Comment by taylorlunt
7 days ago
These seem like a lot of great ways to work around the limitations of LLMs. But I'm curious what people here think. Do any career software engineers here see more than a 10% boost to their coding productivity with LLMs?
I see how if you can't really code, or you're new to a domain, then it can make a huge difference getting you started, but if you know what you're doing I find you hit a wall pretty quickly trying to get it to actually do stuff. Sometimes things can go smoothly for a while, but you end up having to micromanage the output of the agent too much to bother. Or sacrifice code quality.
They're so nice for prototyping ideas and not becoming attached to the code due to sunken cost. I was playing around with generating intelligent diffs for changelogs for a game. I wasn't sure what approach to highlighting changes I wanted to take without being able to see the results.
Prior to vibe-coding, it would've been an arduous enough task that I would've done one implementation, looked at the time it took me and the output, and decided it was probably good enough. With vibe-coding, I was able to prototype three different approaches which required some heavy lifting that I really didn't want to logic out myself and get a feel for if any of the results were more compelling than others. Then I felt fine throwing away a couple of approaches because I only spent a handful of minutes getting them working rather than a couple of hours.

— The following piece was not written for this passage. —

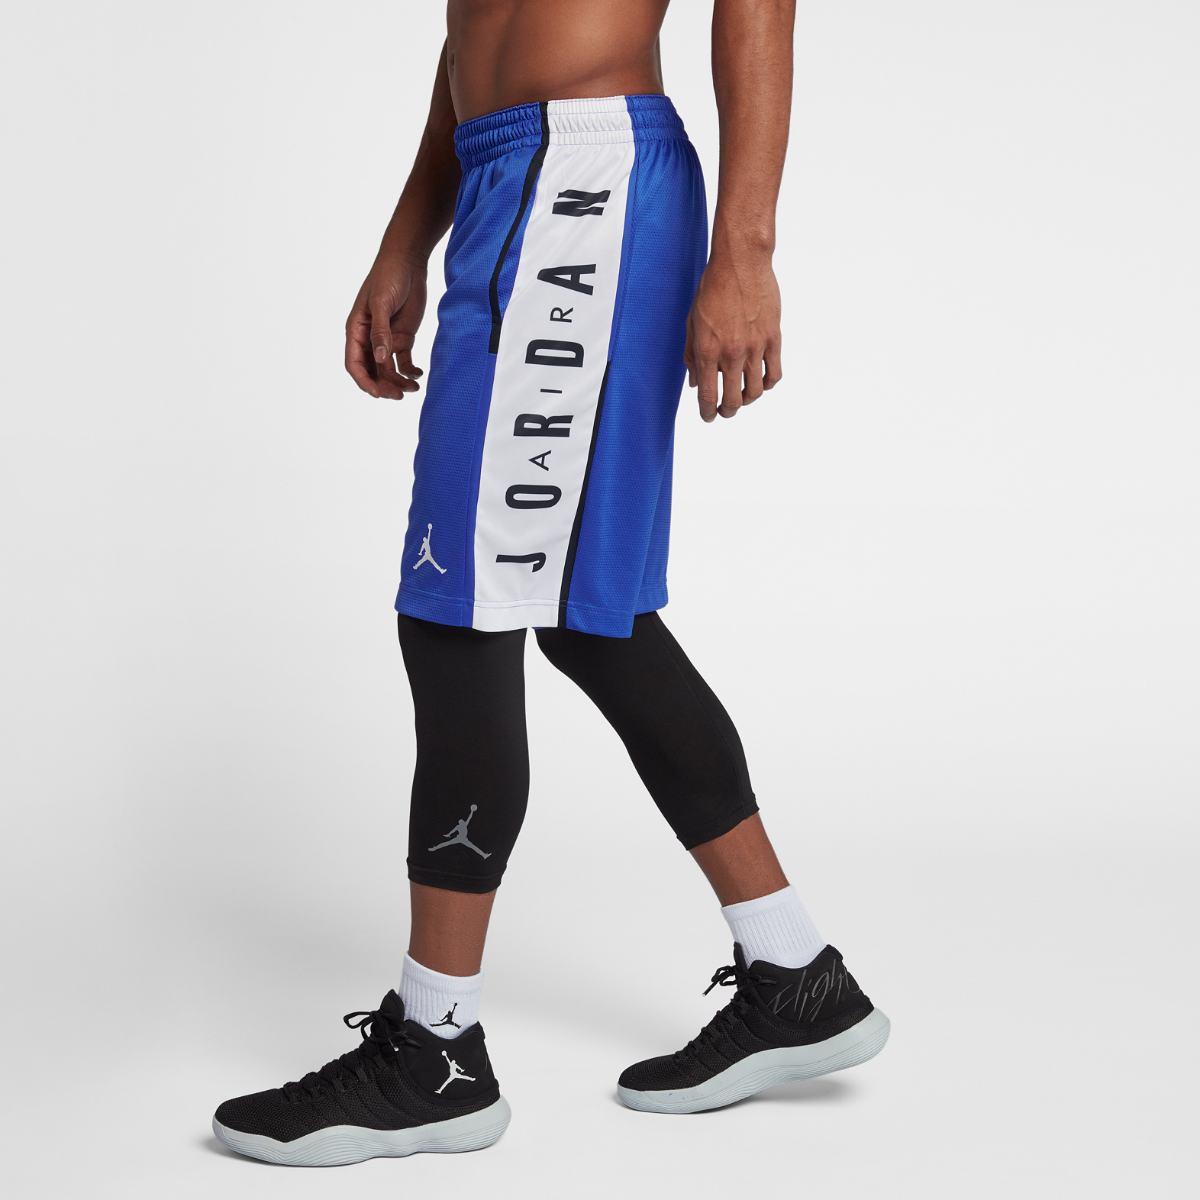 2d8f107f0109 Jordan Rise Graphic Shorts - SPORTING GOODS Basketball Shorts ...

I agree, prototyping seems like a great use-case.
For stuff that I’m good at? Not even 10%.
For stuff that I’m bad at? Probably more than 1000%. I’ve used it to make a web app, write some shader code, and set up some rtc streaming from unreal engine to the browser. I doubt I would have done them at all otherwise tbh. I just don’t have the energy and interest to conclude that those particular ventures were good uses of my time.
Yeah I couldn't put it better myself. It's obscene how much more productive you become in new domains. And sure, you eventually hit a wall where you gotta understand it for real. But now you have a working example of your project, plus a genius who will answer unlimited questions and clarifications.
And you can do this for anything
> And you can do this for anything
Anything that's been done before. Otherwise we'd probably start with making nuclear fusion work, then head off into the stars...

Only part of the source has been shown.